As much as I like the Claude models, they are expensive. I wouldn't use them to process large volumes of data. Gemini 2.5 Flash-Lite is $0.10 per million tokens. Grok 4.1 Fast is really good and only $0.20. They will work just as well for most simple tasks.

DeathArrow · 2026-01-26T07:47:13 1769413633

You also can try to use cheaper models like GLM, Deepseek, Qwen,at least partially.

joshribakoff · 2026-01-26T07:19:12 1769411952

Have you looked into https://maartengr.github.io/BERTopic/index.html ?

toxic72 · 2026-01-27T06:19:01 1769494741

consider this for addtl cost savings if local doesnt interest you - https://docs.cloud.google.com/vertex-ai/generative-ai/docs/m...

dezgeg · 2026-01-26T06:39:15 1769409555

Are you also adding the proper prompt cache control attributes? I think Anthropic API still doesn't do it automatically

ok_orco · 2026-01-28T06:05:40 1769580340

No I need to look into this!

arthurcolle · 2026-01-26T00:37:11 1769387831

Can you discuss a bit more of the architecture?

ok_orco · 2026-01-26T00:55:02 1769388902

Pretty straightforward.

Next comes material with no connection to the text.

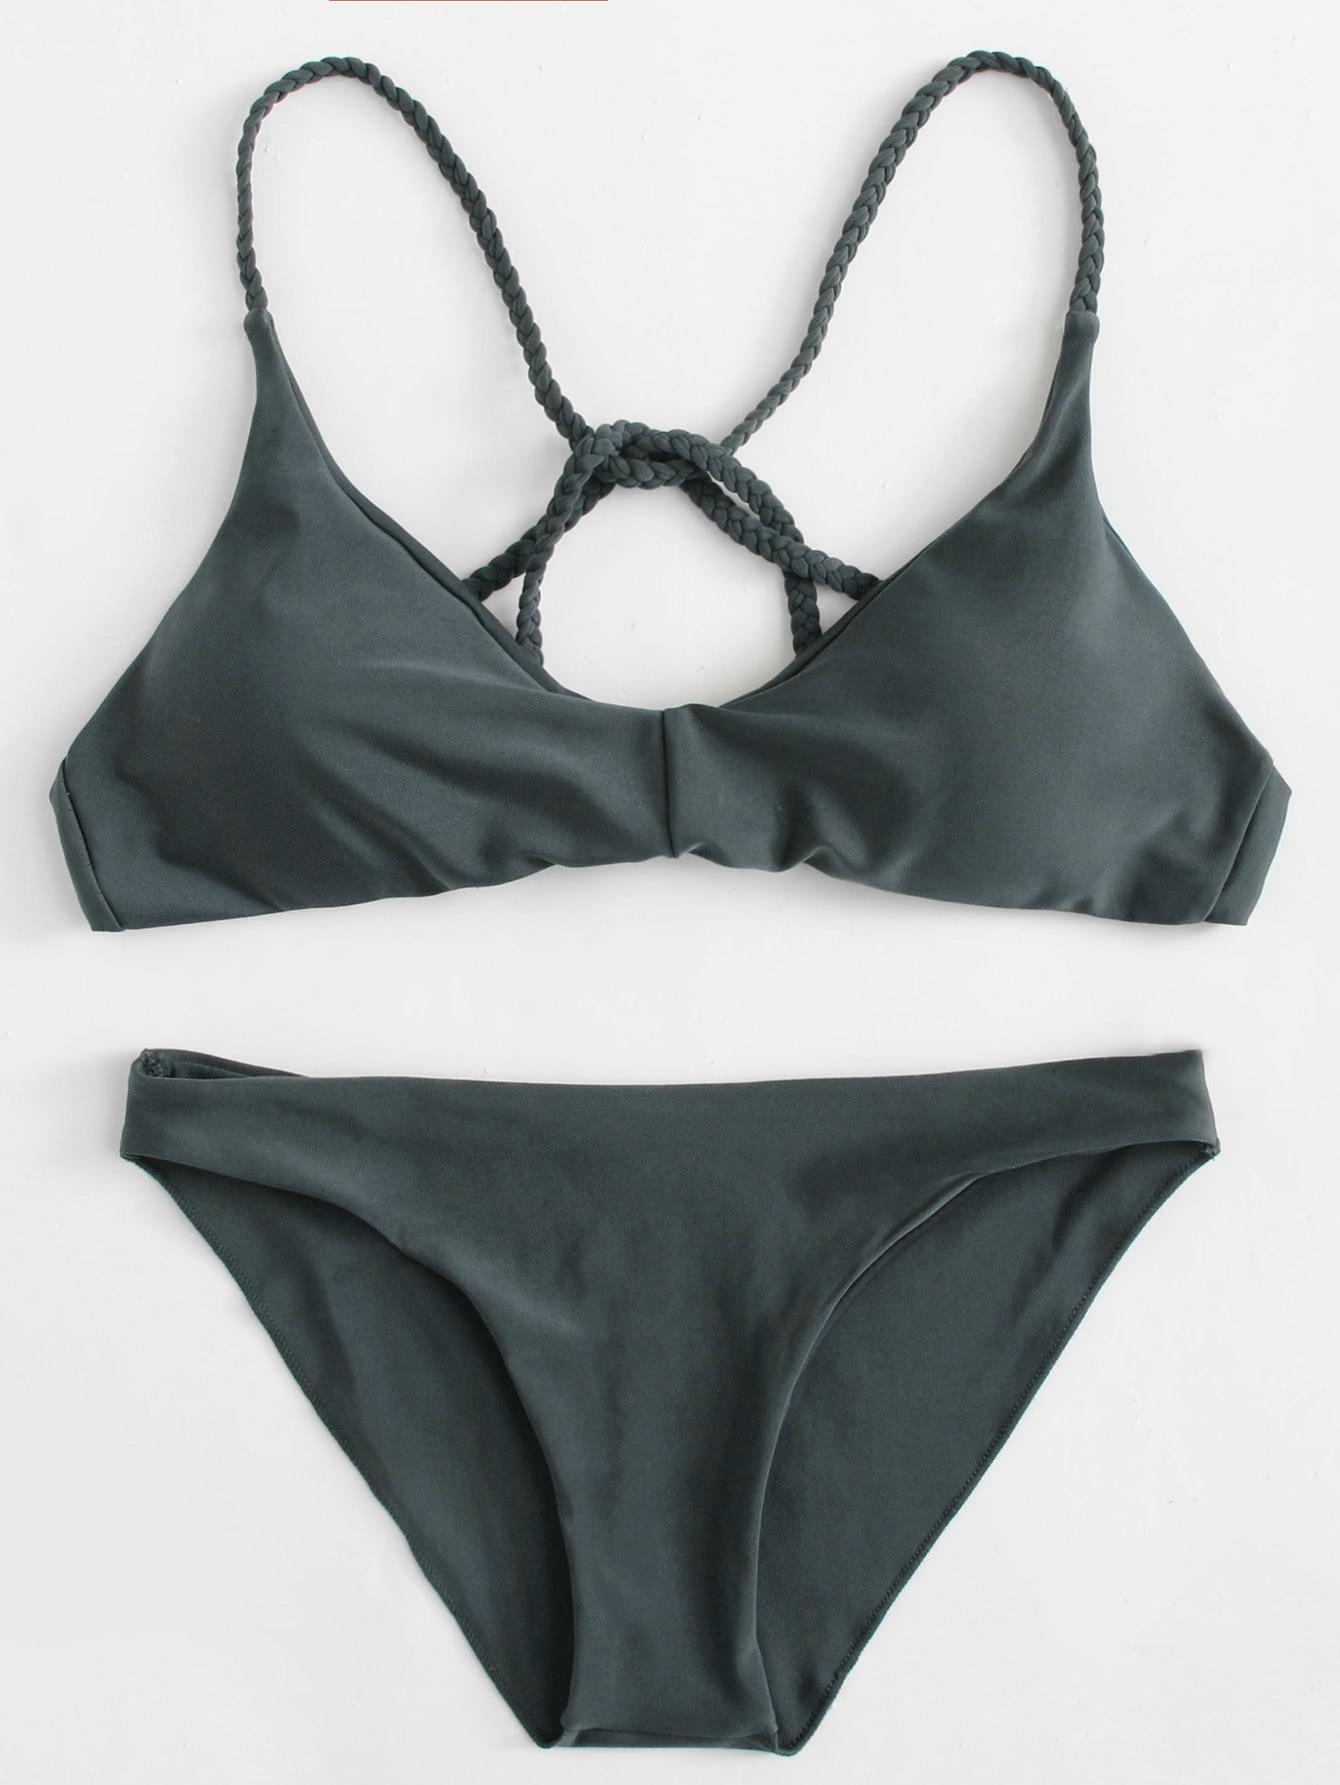 Braided Strap Beach Bikini Set все цены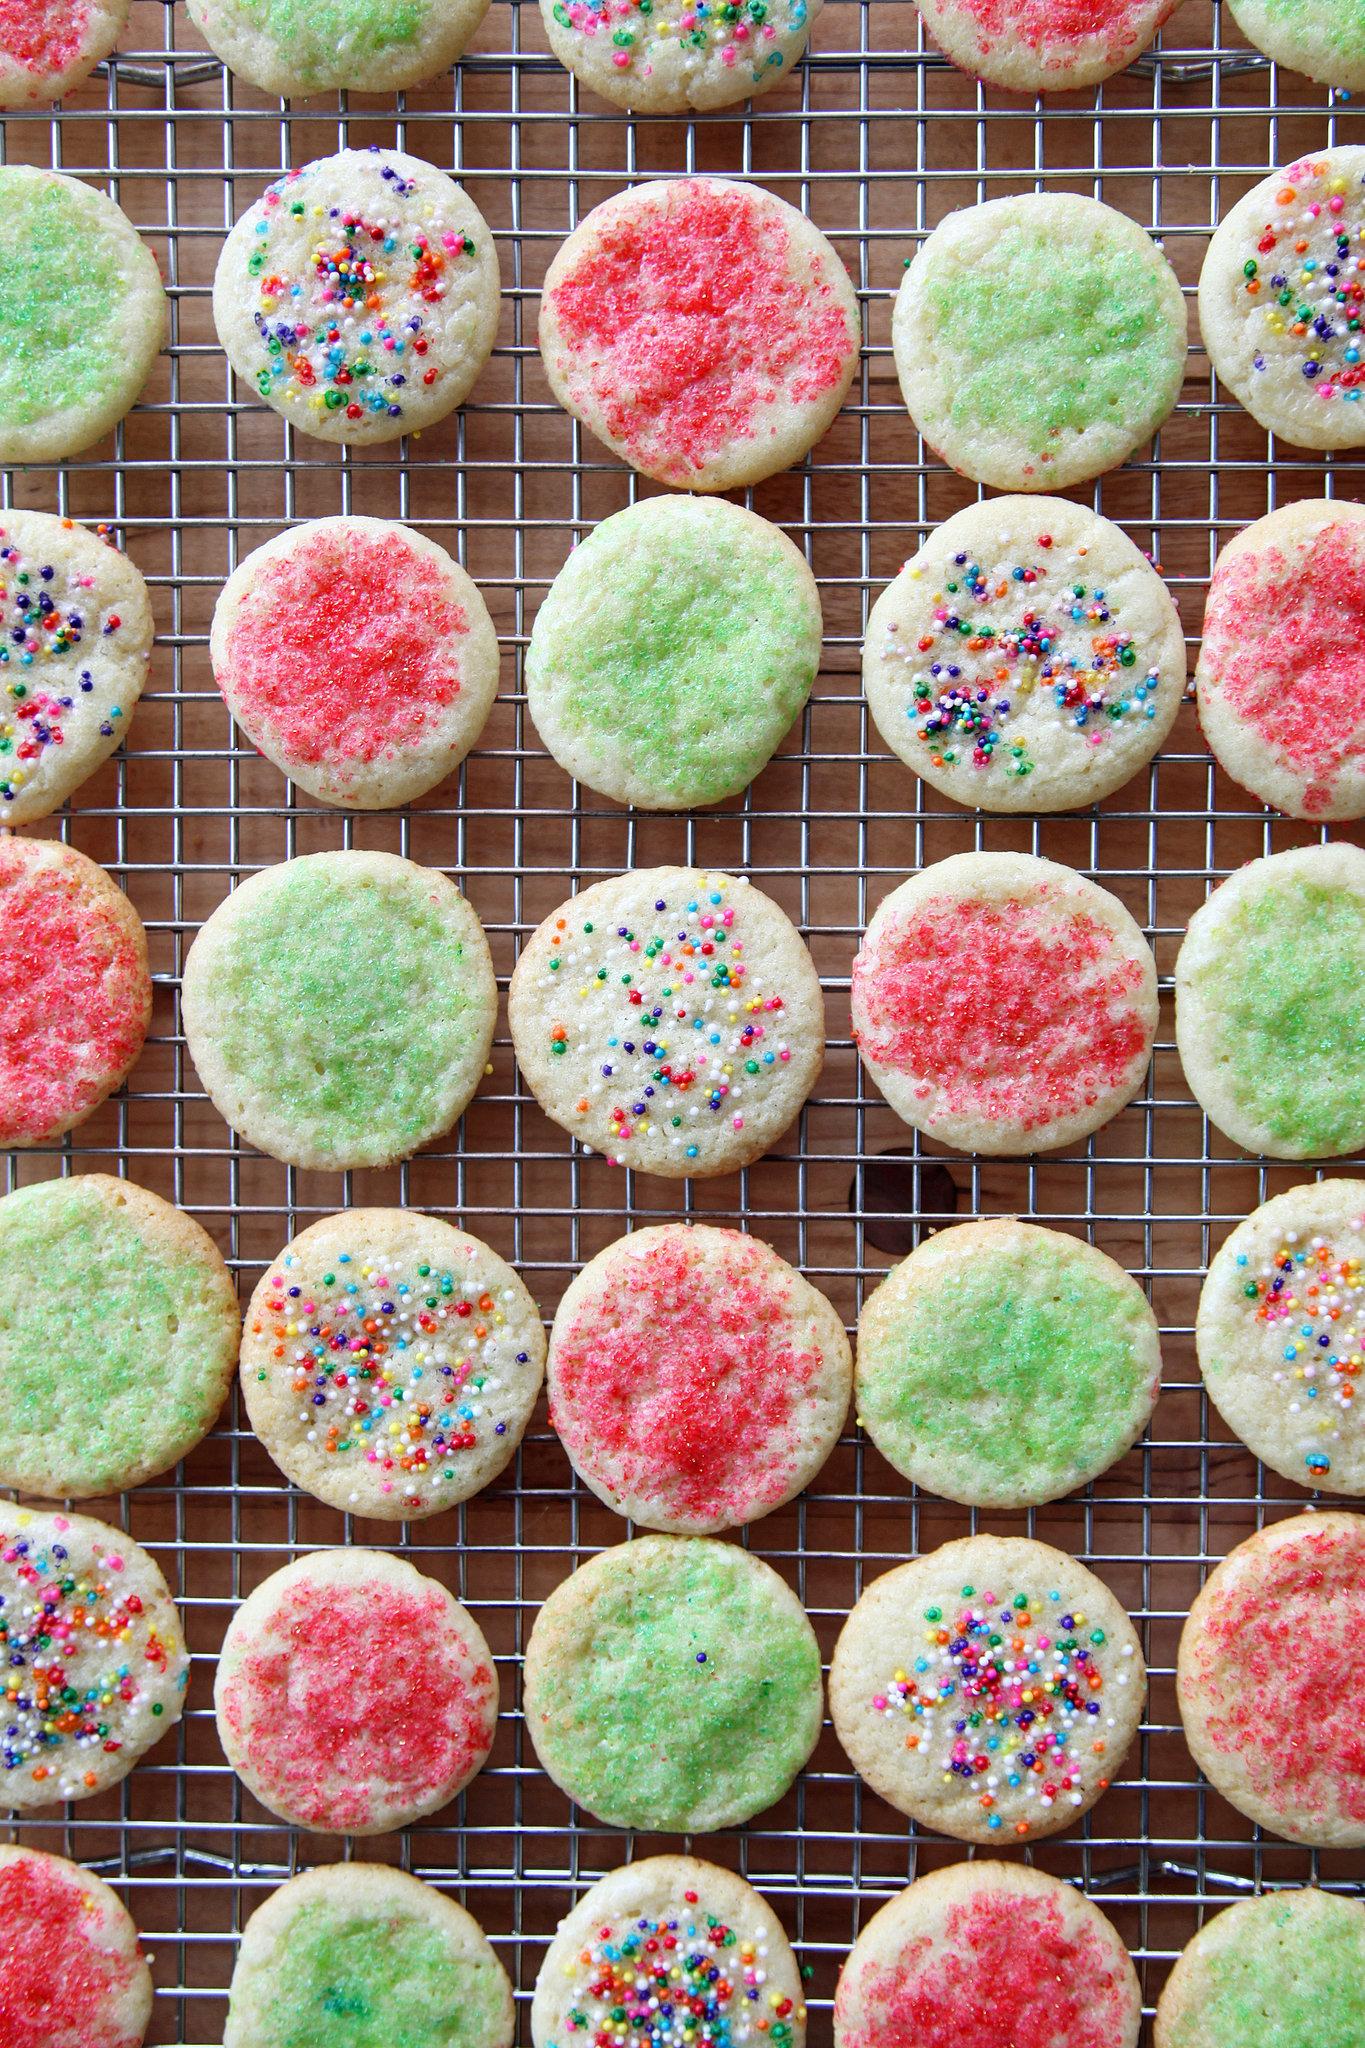 04c25e54129479c9_Chewy-Sugar-Cookies.xxxlarge_2x.jpg

Sources dump into a queue throughout the day, regex filters the obvious junk ("lol", "thanks", bot messages never hit the LLM), then everything gets batched overnight through Anthropic's Batch API for classification. Feedback gets clustered against existing pain points or creates new ones.

Most of the cost savings came from not sending stuff to the LLM that didn't need to go there, plus the batch API is half the price of real-time calls.